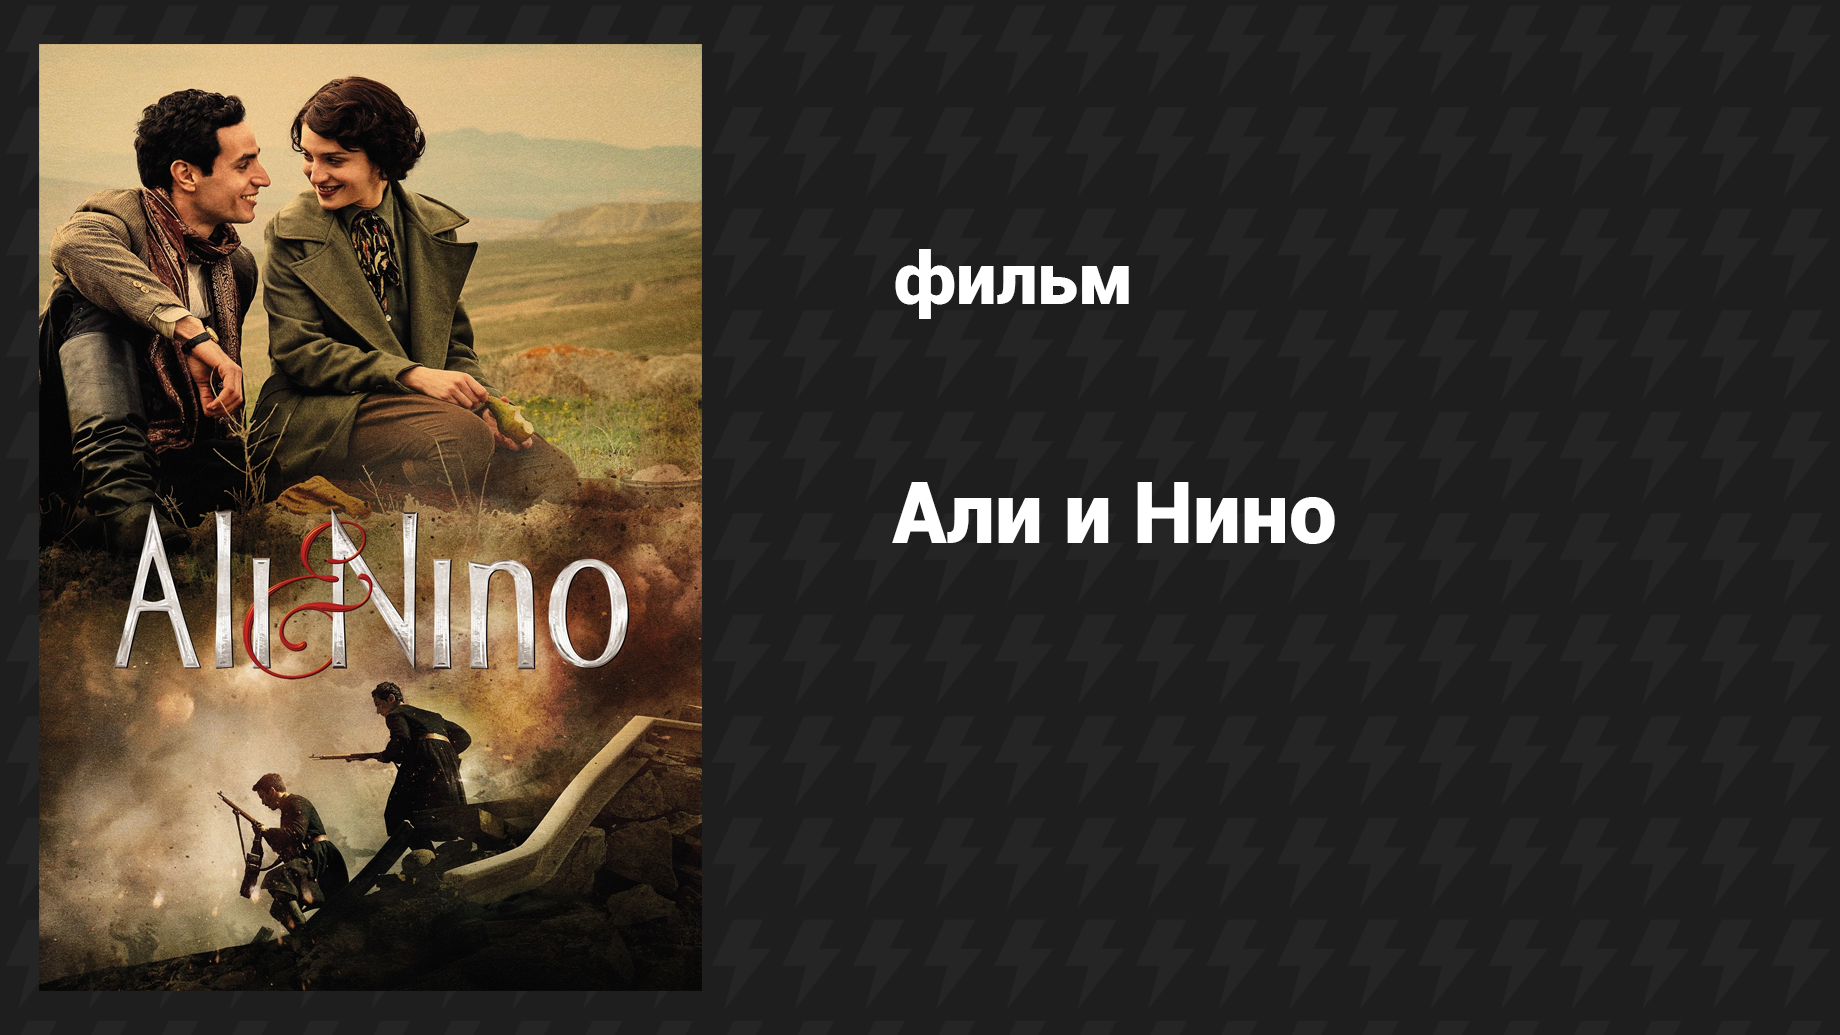 Али и Нино (фильм, 2015)
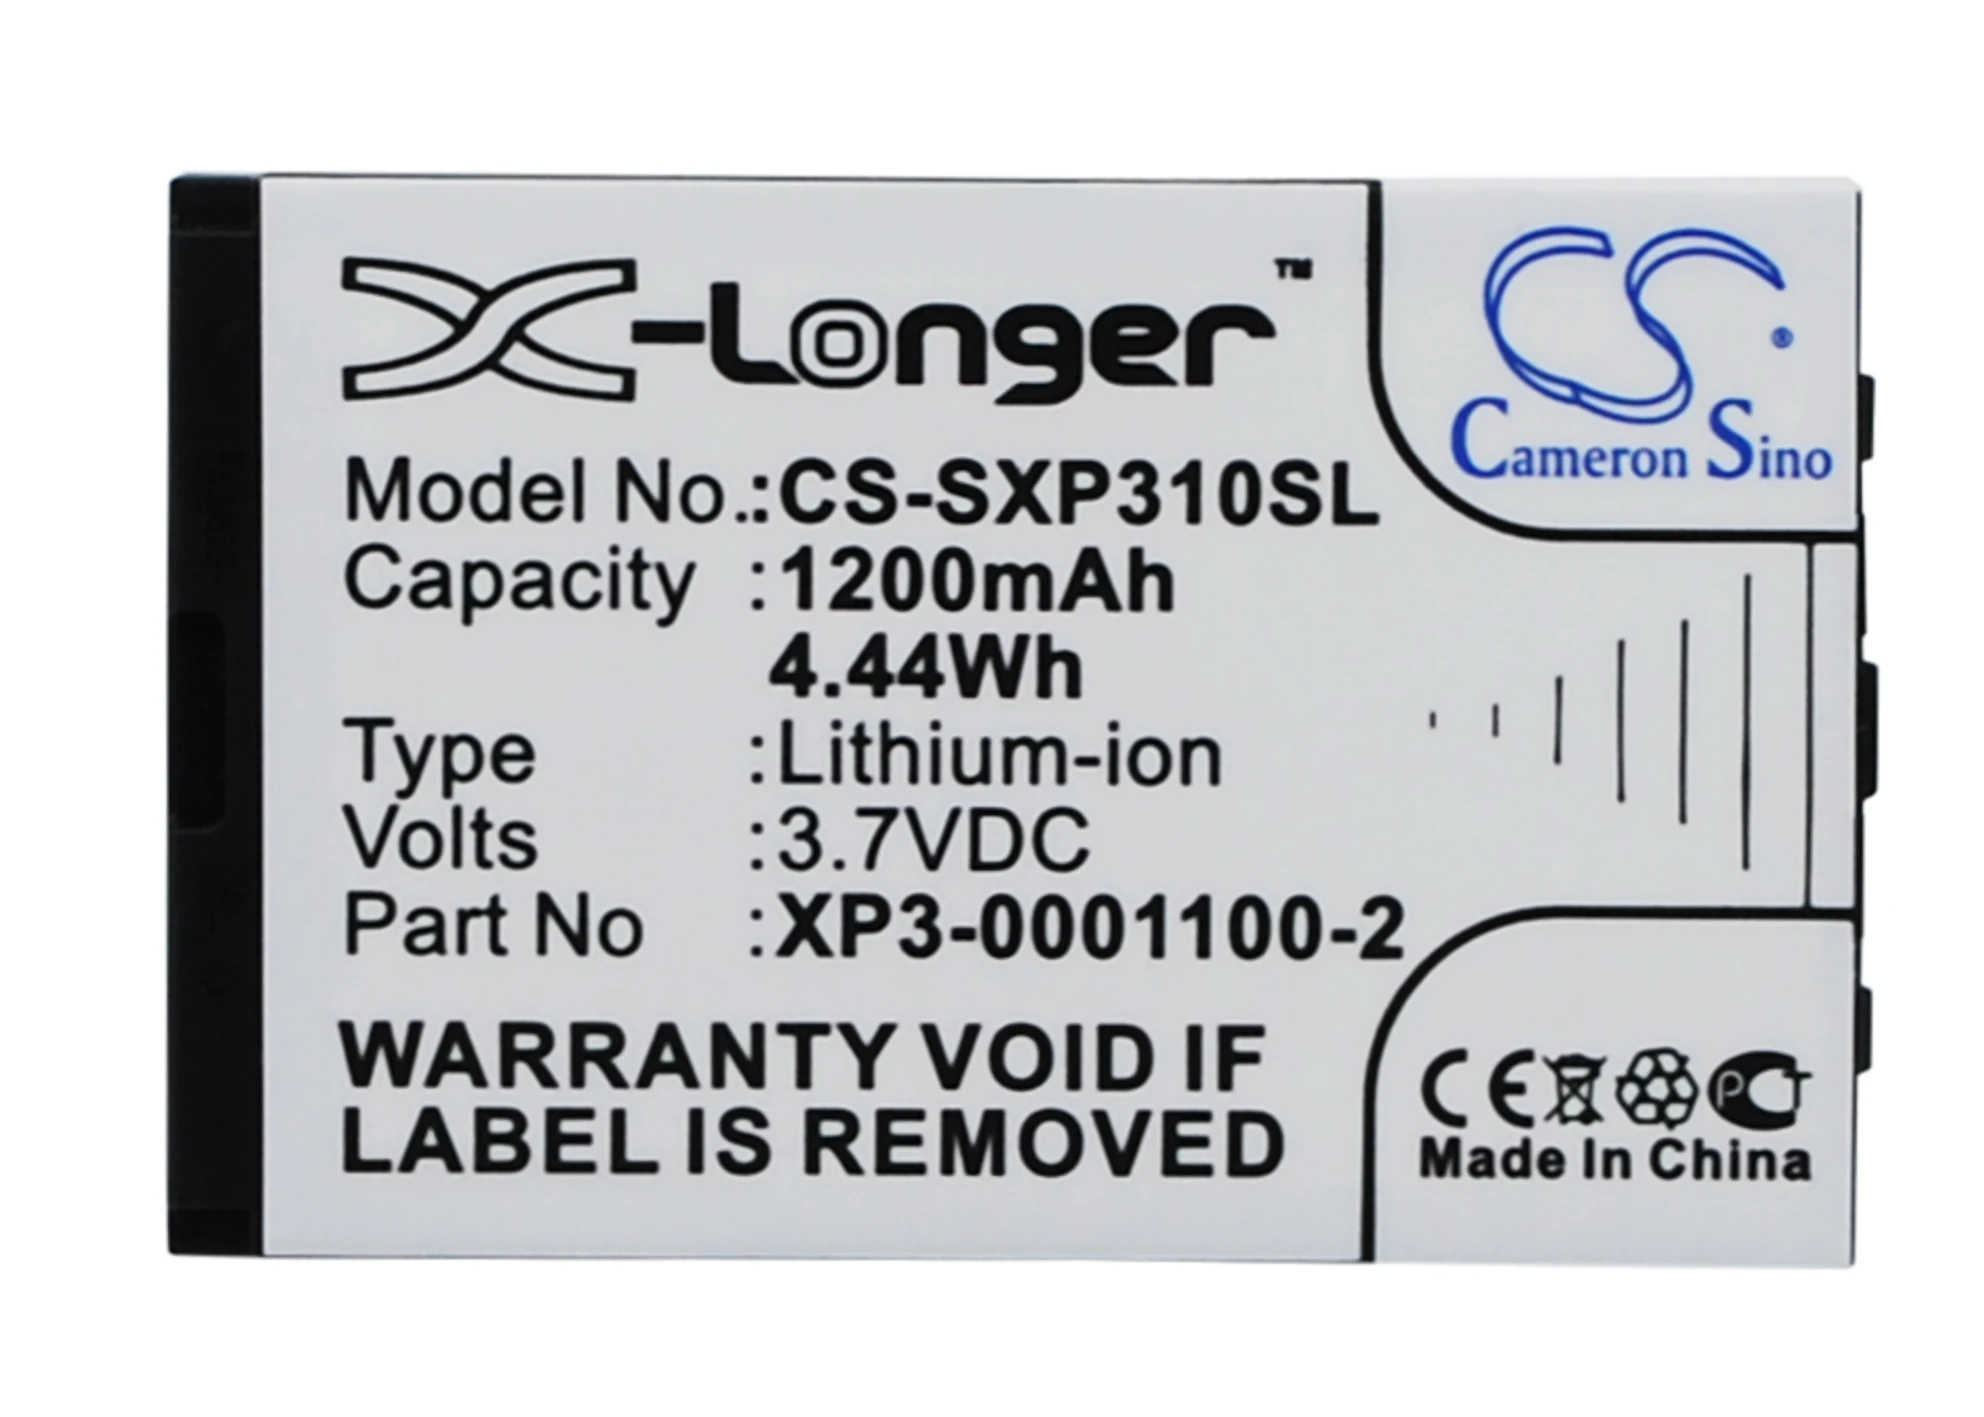 

CS 1200mAh / 4.44Wh battery for Socketmobile Sonim XP3-S, XP3 Enduro XP3-0001100-2
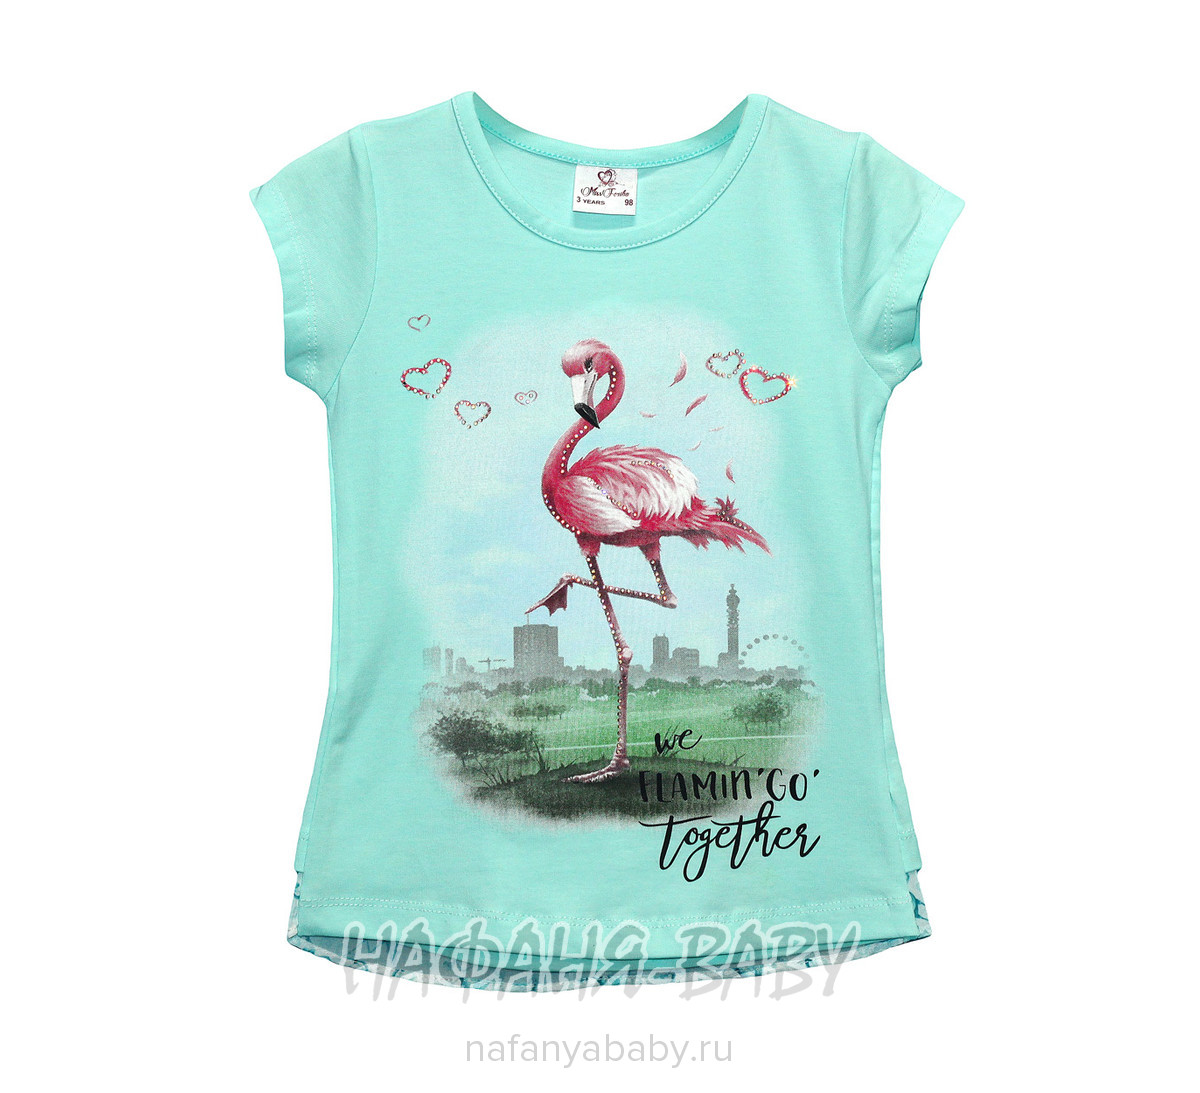 Детская футболка Miss Feriha арт: 705, 5-9 лет, 1-4 года, оптом Турция

◆ **Activity**: This exercise calls for the complete listing, returned exactly and without images.

◆ **Written response**:
 Али и Нино (фильм, 2015)

CS 1200mAh / 4.44Wh battery for Socketmobile Sonim XP3-S, XP3 Enduro XP3-0001100-2
 Детская футболка Miss Feriha арт: 705, 5-9 лет, 1-4 года, оптом Турция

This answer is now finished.